Nigeria in Transition Workshop
By Oliver Owen (Oxford ASC and Institute of Social and Cultural Anthropology)
**Watch Chief Wole Olanipekun's keynote lecture, Electoral Law, Election Petitions and the Future of Democracy in Nigeria, here.
One of the recurrent frustrations of studying Nigeria is the persistence of a few very powerful frameworks, most often about the assumed challenges of diversity and political economy, which seem to recur without modification even as the country itself keeps dynamically unfolding and re-constituting. So we were pleased to take the opportunity of Nigeria’s 2019 elections for a longer, broader and more thoughtful take on ‘Nigeria in Transition’ – in the social, cultural, political and economic senses of the word.
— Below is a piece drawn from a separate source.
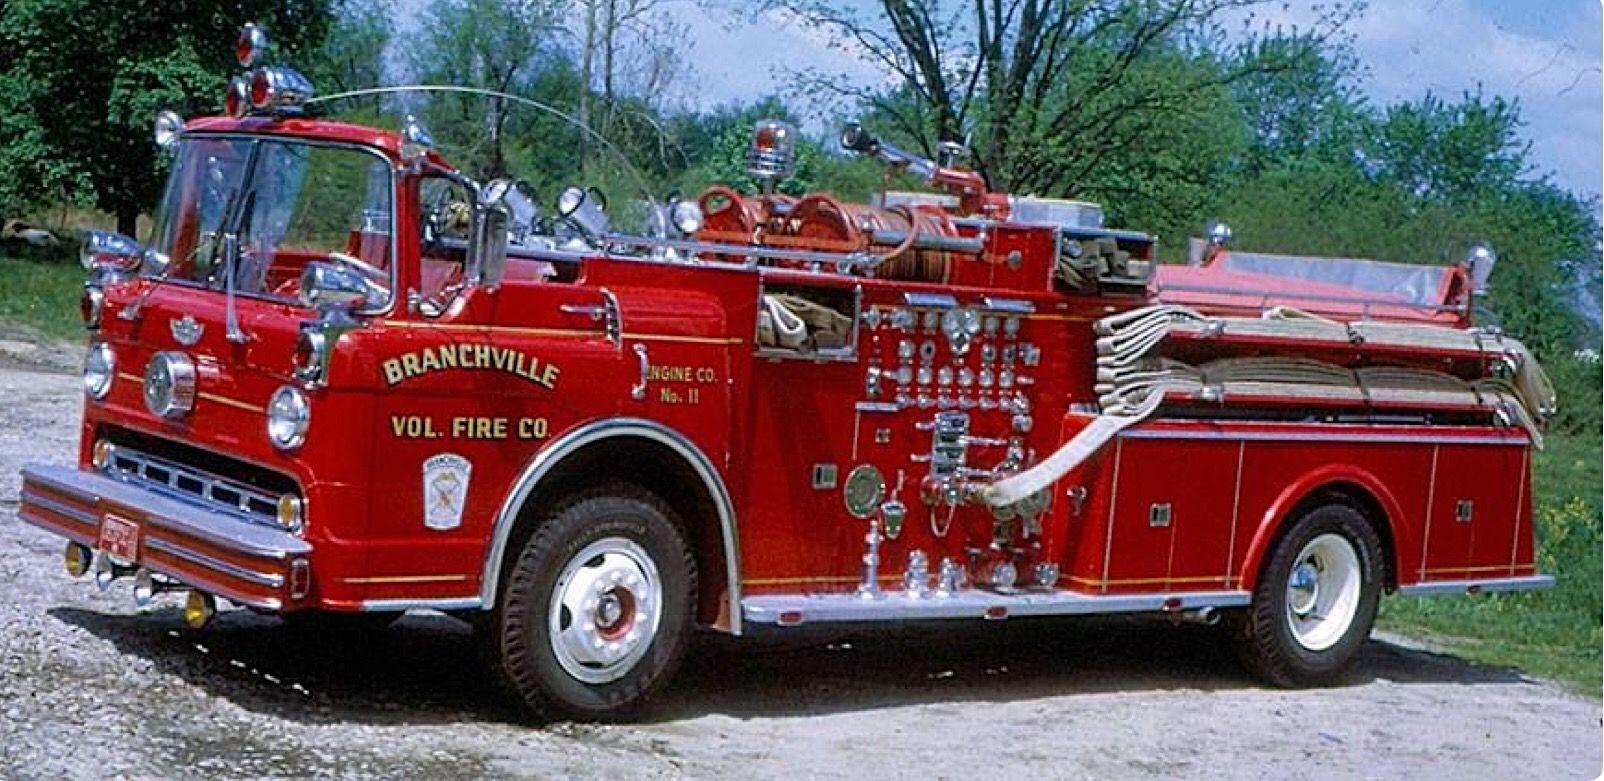 Branchville Volunteer Fire Co. College Park, Maryland, USA

The day was a showcase for the African Studies Centre’s contribution to the Oxford Martin School’s research programme ‘Governing the African Transition’ which looks at these transitions on a continent-wide basis under the co-lead of Ricardo Soares de Oliveira and Stefan Dercon. The ASC’s contribution is led by three staff members with a strong Nigeria focus: Professor Wale Adebanwi, Dr David Pratten, and I; and the day we held was designed to open up our theme of ‘transition’ to multiple participants who have their own ways of defining those issues.
We were lucky to attract many high-quality submissions from both established and early-career scholars, researchers inside and outside academia, and from Nigeria as well as UK-based researchers. We were also fortunate to be able to involve some high-profile public policy figures who participated in the discussions, including former Minister Dr Aliyu Modibbo Umar, leading publisher and journalist Dele Momodu, and Mallam Bashir Yusuf Ibrahim, of the Peoples Democratic Movement (PDM), a Nigerian political party.
The first panel, chaired by Patricia Daley, looked at Nigeria’s revenue and how it is redistributed. Belinda Archibong of Barnard College, Colombia, traced an economic history of how the tacit bargaining power of civil unrest under military rule affected patterns of resource distribution outside of the constitutional provisions. Neil McCulloch shared a survey of public attitudes which showcased Nigerians’ thoughts on the legitimacy of taxes, and on the legitimacy of avoiding them. My own work traced Nigeria’s move away from oil-reliance to a post-2015 shift to non-oil revenue dominance. Second was a panel devoted to exactly that issue, the changing role of oil in Nigeria, chaired by Ricardo Soares de Oliveira. Temitope Akinremi’s presentation looked at the sustainability of oil industry supply chains, while Dr Abimbola Agboluaje looked forward instead, predicting how the inbuilt weaknesses and contradictions in the institutions governing the oil sector might be likely to be reproduced in the next dispensation.
The third panel, chaired by David Pratten, covered the territory from public culture to politics, embracing culture in both the sense of communicating meaning, and as a productive resource in its own right. Paula Callus and Charles Gore introduced the ongoing project ‘Artop: The Visual Articulations of Politics in Nigeria’ which brings out the importance of new media interventions such as animation in political campaigning, and in critical activism. Alex Bud’s work ‘From Razzmatazz to Glamour’ detailed the emergence of a new Nigerian style in interior décor as a window on the economic importance of new style industries. Chimdimma Onah and a team of very impressive postgraduates from Manchester University presented analysis on the impact of twitter in Nigerian politics as seen in the elections of just a few days before, examining how the public, paid hacks and bot software all interact to pattern political communication.
Our fourth panel on consolidation and conflict was chaired by visiting scholar Frank Abumere. Aliyu Modibbo Umar depicted the gradual mixing of administration and party politics in his picture of the transformation of the office of Head of State in Nigeria to a political campaign hub; Patrick Ojo considered elections as necessary but insufficient criteria in political transitions; and Bulama Bukarti & Rachel Bryson documented Nigeria’s approach to deradicalisation in the wake of the Boko Haram crisis and its socially destabilising aftermath.
The day concluded with a move to the Blavatnik School of Government for a keynote from Nigeria’s leading constitutional lawyer, Chief Wole Olanipekun. His presentation on Electoral Law, Election Petitions and the Future of Democracy in Nigeria was timely, as it coincided with the announcement of court challenges to the results of the 2019 elections. Chief Olanipekun’s presentation combined analytical thoughts on the evolution of this trend with the specifics of the legal cases which had informed it, but also a very personal and heartfelt plea for a transition away from this trend which he felt risks de-legitimising political processes. Kathryn Nwajiaku, Dele Momodu and Mallam Ibrahim discussed the implications in a panel chaired by Wale Adebanwi.
The day was planned as the first leg of a two-leg process, where the second will be a larger workshop in Nigeria later in 2019, as part of our commitment to do more of our work about Africa in Africa, as a way of making the process of intellectual formation more mutual, more embedded, and most importantly, more accessible to scholars based in African institutions. We thank the Oxford Martin School for their continued support and commitment.